How this skill works

The evaluator accepts only the committee's final output, a rubric identifier, and minimal subject-matter context. A fresh model instance loads the rubric, scores each criterion independently, computes a weighted total, and emits a result and critique when scores fall below threshold. Critiques are delivered back to the committee inbox to trigger revision loops or escalation to humans after a capped number of iterations.

When to use it

  • When you need an unbiased quality check of a committee recommendation without influence from debate dynamics.
  • For decisions where gaming of metrics or speaker bias is a risk.
  • When you require reproducible, rubric-based scoring and an auditable critique trail.
  • Before final acceptance to surface missing details or weak mitigations.
  • When you want an automated pre-escalation filter that coordinates human review only when necessary.

Best practices

  • Design a clear, weighted rubric with explicit criteria and thresholds.
  • Send only the final output text and rubric reference; exclude transcripts, identities, and discussion history.
  • Use short, machine-readable evaluation requests to reduce ambiguity.
  • Limit revision iterations (e.g., 3) and define an escalation path for unresolved gaps.
  • Log evaluations and critiques separately from committee artifacts for auditability.

Example use cases

  • Assessing vendor selection recommendations to ensure risk controls are specific.
  • Reviewing client engagement proposals for resource, risk, and strategic alignment.
  • Pre-flight quality checks of strategic decisions before board presentation.
  • Automating triage of proposals where only clear accept/review/escalate outcomes are desired.
  • Providing consistent, reproducible scoring across multiple teams or regions.

FAQ

Does the evaluator see the debate transcript?

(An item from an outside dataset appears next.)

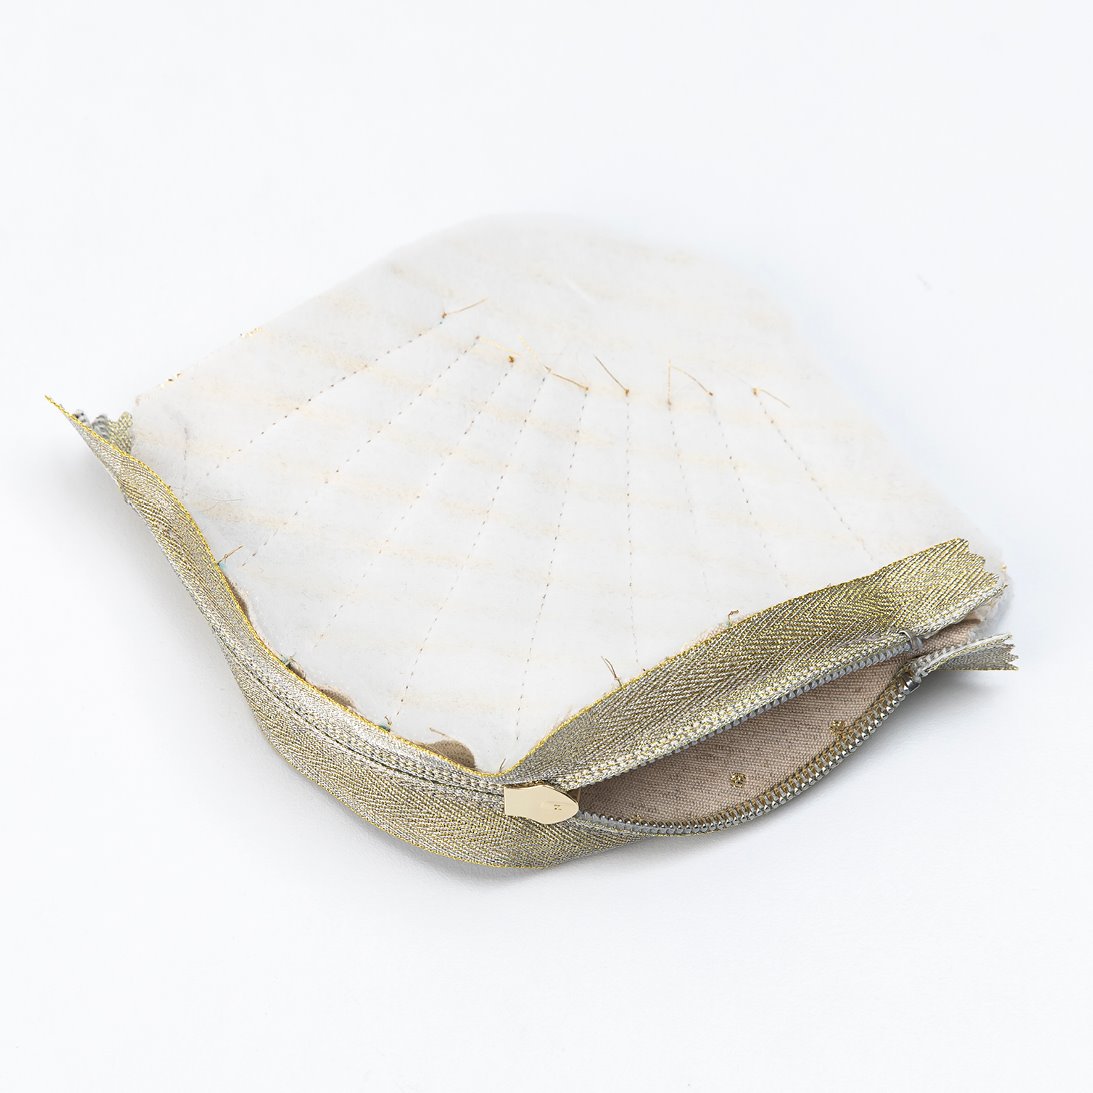 Seashell bag Diy7010-diy_step4.jpg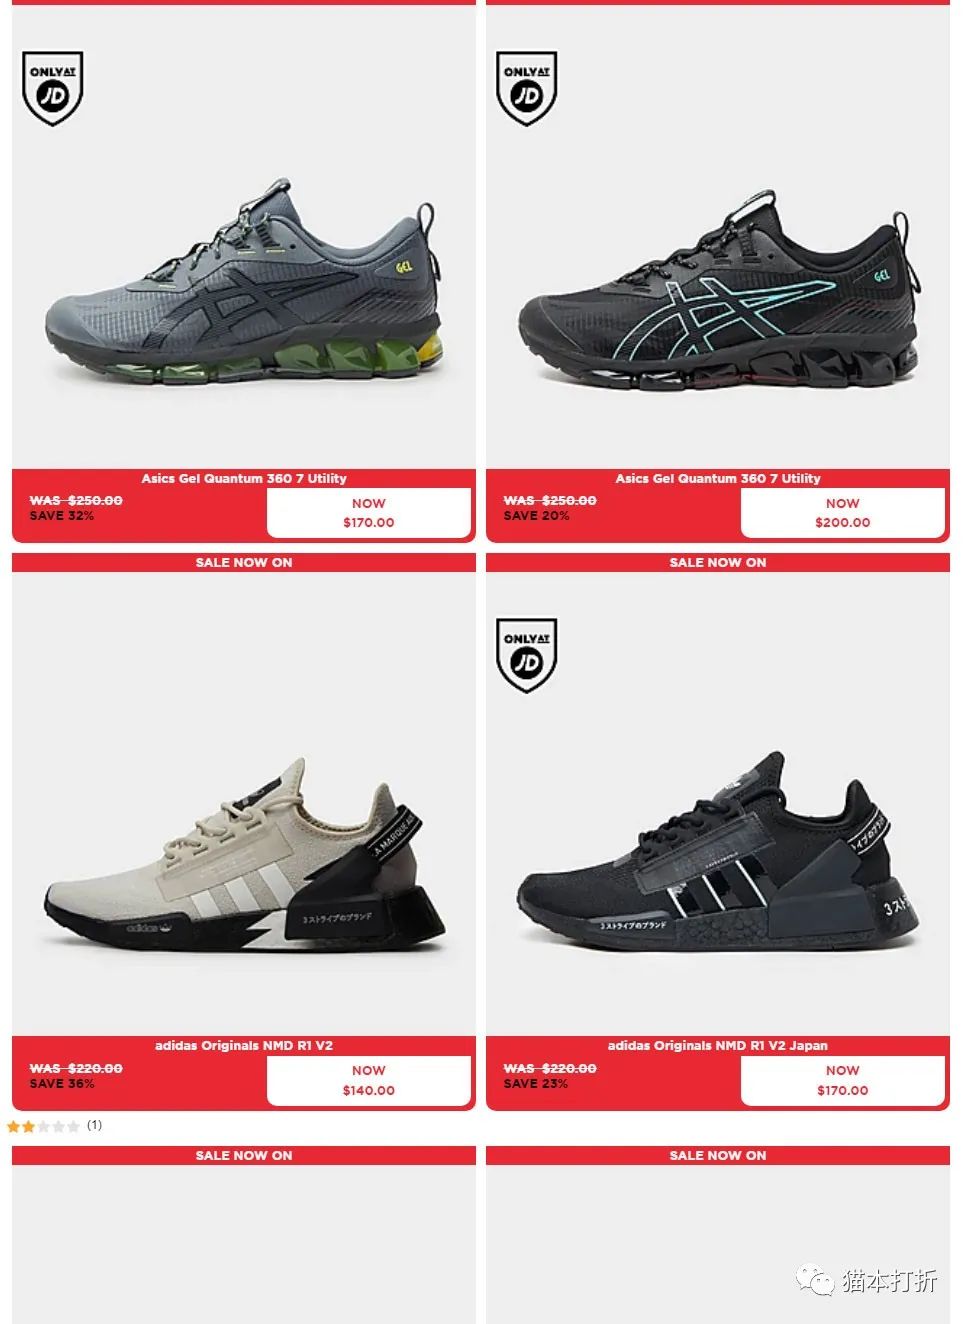 Nike, adidas等品牌的运动鞋、运动装最高50%折扣！@ JD Sports

No. The evaluator is deliberately restricted to the final output, rubric, and minimal subject context to prevent bias.

What happens if the score is just below threshold?

The evaluator generates a targeted critique listing gaps and suggestions; the committee can revise up to the configured iteration limit before escalation.

How does this prevent gaming?

By isolating evaluator reasoning and using fresh instances, committees cannot predict exact scores or tune outputs to exploit debate dynamics.